WHAT THE EXERCISE ASKS ::
Nothing should differ between your output and the entries below.

INPUT FOR THIS TASK ::
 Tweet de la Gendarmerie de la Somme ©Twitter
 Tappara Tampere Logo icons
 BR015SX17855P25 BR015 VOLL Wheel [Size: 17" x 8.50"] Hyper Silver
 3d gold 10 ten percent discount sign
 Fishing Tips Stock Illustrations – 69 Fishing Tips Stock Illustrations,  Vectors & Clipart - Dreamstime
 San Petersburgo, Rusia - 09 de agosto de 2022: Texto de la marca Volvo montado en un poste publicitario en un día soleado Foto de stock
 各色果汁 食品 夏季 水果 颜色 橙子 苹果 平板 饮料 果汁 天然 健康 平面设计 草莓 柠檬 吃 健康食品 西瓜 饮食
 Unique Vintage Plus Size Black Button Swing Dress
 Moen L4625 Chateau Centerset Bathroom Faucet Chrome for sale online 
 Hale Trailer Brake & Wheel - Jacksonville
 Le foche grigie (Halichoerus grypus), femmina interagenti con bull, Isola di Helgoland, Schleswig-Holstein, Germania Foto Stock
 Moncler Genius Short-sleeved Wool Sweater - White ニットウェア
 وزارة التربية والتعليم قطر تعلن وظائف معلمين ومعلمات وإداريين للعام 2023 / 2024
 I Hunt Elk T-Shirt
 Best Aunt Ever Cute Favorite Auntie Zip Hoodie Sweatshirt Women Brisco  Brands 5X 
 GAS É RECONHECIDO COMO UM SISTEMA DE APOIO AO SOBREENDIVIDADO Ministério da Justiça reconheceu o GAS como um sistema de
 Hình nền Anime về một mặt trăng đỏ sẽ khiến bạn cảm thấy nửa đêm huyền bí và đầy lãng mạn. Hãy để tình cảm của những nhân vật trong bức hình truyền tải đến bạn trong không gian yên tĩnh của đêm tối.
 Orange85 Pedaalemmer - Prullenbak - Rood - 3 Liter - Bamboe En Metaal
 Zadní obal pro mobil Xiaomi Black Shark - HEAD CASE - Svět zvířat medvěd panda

RESULT BELOW ::
 Tweet de la Gendarmerie de la Somme ©Twitter
 Tappara Tampere Logo icons
 BR015SX17855P25 BR015 VOLL Wheel [Size: 17" x 8.50"] Hyper Silver
 3d gold 10 ten percent discount sign
 Fishing Tips Stock Illustrations – 69 Fishing Tips Stock Illustrations,  Vectors & Clipart - Dreamstime
 San Petersburgo, Rusia - 09 de agosto de 2022: Texto de la marca Volvo montado en un poste publicitario en un día soleado Foto de stock
 各色果汁 食品 夏季 水果 颜色 橙子 苹果 平板 饮料 果汁 天然 健康 平面设计 草莓 柠檬 吃 健康食品 西瓜 饮食
 Unique Vintage Plus Size Black Button Swing Dress
 Moen L4625 Chateau Centerset Bathroom Faucet Chrome for sale online 
 Hale Trailer Brake & Wheel - Jacksonville
 Le foche grigie (Halichoerus grypus), femmina interagenti con bull, Isola di Helgoland, Schleswig-Holstein, Germania Foto Stock
 Moncler Genius Short-sleeved Wool Sweater - White ニットウェア
 وزارة التربية والتعليم قطر تعلن وظائف معلمين ومعلمات وإداريين للعام 2023 / 2024
 I Hunt Elk T-Shirt
 Best Aunt Ever Cute Favorite Auntie Zip Hoodie Sweatshirt Women Brisco  Brands 5X 
 GAS É RECONHECIDO COMO UM SISTEMA DE APOIO AO SOBREENDIVIDADO Ministério da Justiça reconheceu o GAS como um sistema de
 Hình nền Anime về một mặt trăng đỏ sẽ khiến bạn cảm thấy nửa đêm huyền bí và đầy lãng mạn. Hãy để tình cảm của những nhân vật trong bức hình truyền tải đến bạn trong không gian yên tĩnh của đêm tối.
 Orange85 Pedaalemmer - Prullenbak - Rood - 3 Liter - Bamboe En Metaal
 Zadní obal pro mobil Xiaomi Black Shark - HEAD CASE - Svět zvířat medvěd panda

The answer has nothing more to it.